# DATA EXTRACT
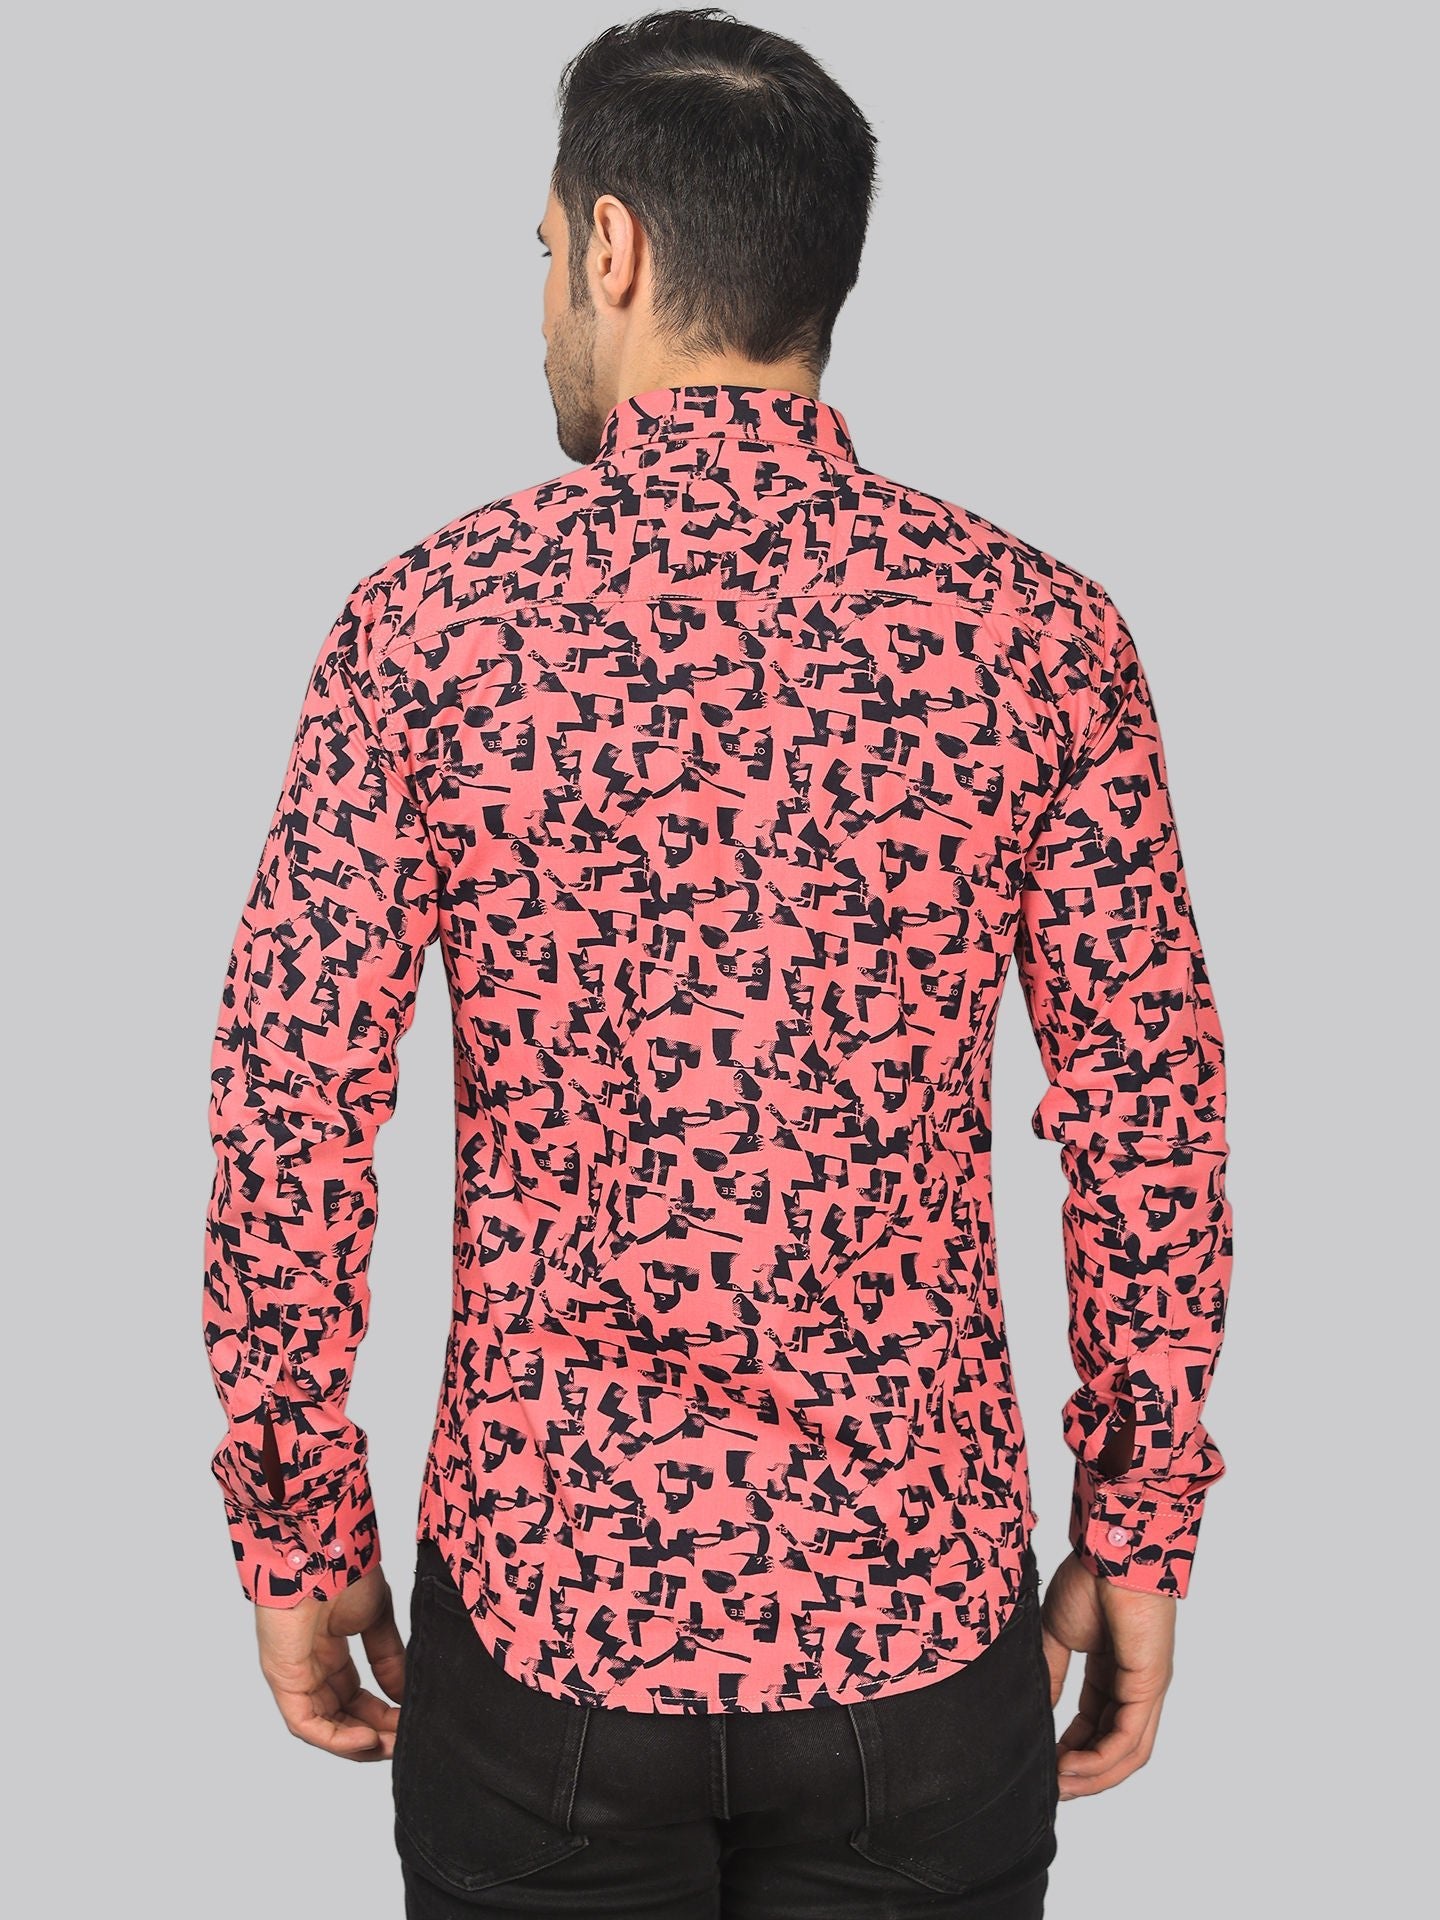 Artisanal Men's Printed Full Sleeve Casual Linen Shirt - TryBuy® USA🇺🇸
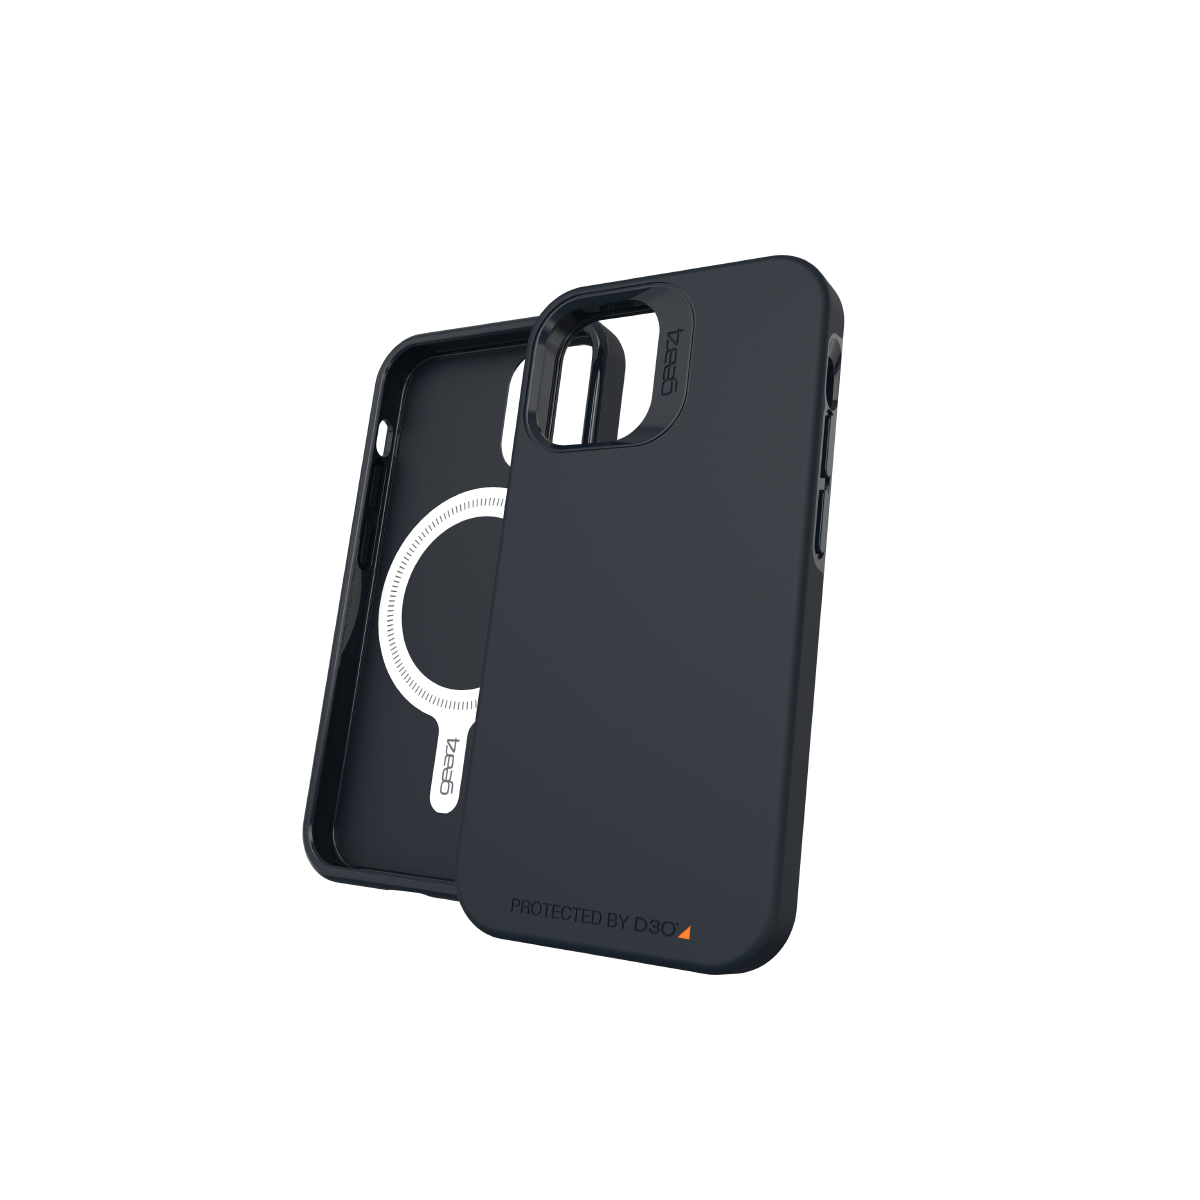 Ốp lưng chống sốc Gear4 D3O Rio Snap 4m hỗ trợ sạc Magsafe cho iPhone 12 mini/12/12 Pro/12 Pro Max - Hàng chính hãng
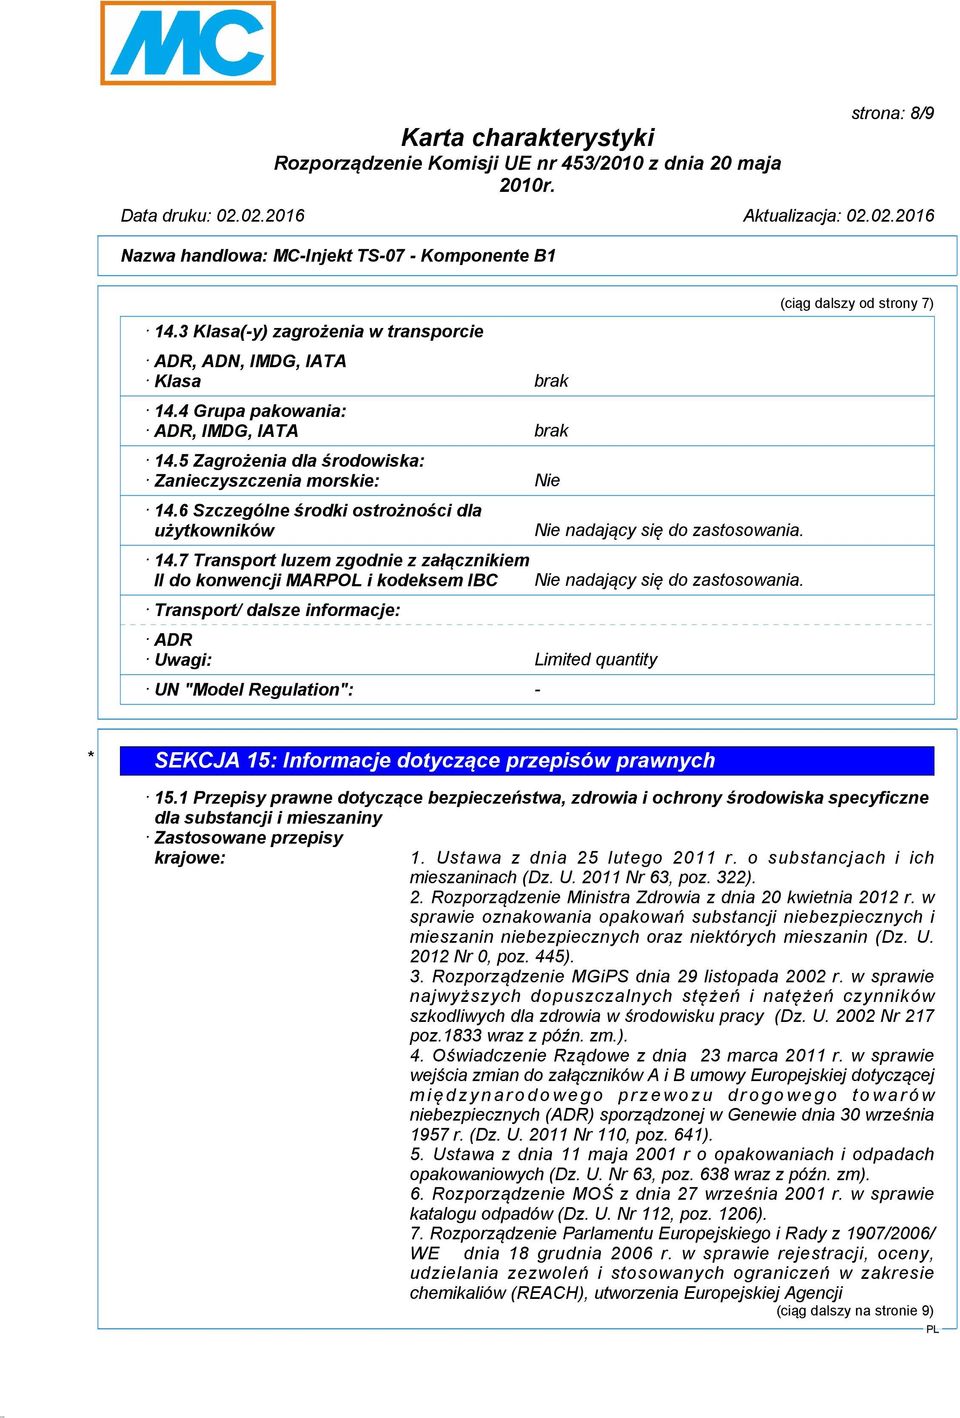 7 Transport luzem zgodnie z załącznikiem II do konwencji MARPOL i kodeksem IBC Transport/ dalsze informacje: ADR Uwagi: Limited quantity UN "Model Regulation": - Nie nadający się do zastosowania.

# TASK DETAILS
From the first line of the material down to the line containing "Ốp lưng chống", inclusive, return each line exactly, skipping any picture.

# TASK OUTPUT
 Artisanal Men's Printed Full Sleeve Casual Linen Shirt - TryBuy® USA🇺🇸
 Ốp lưng chống sốc Gear4 D3O Rio Snap 4m hỗ trợ sạc Magsafe cho iPhone 12 mini/12/12 Pro/12 Pro Max - Hàng chính hãng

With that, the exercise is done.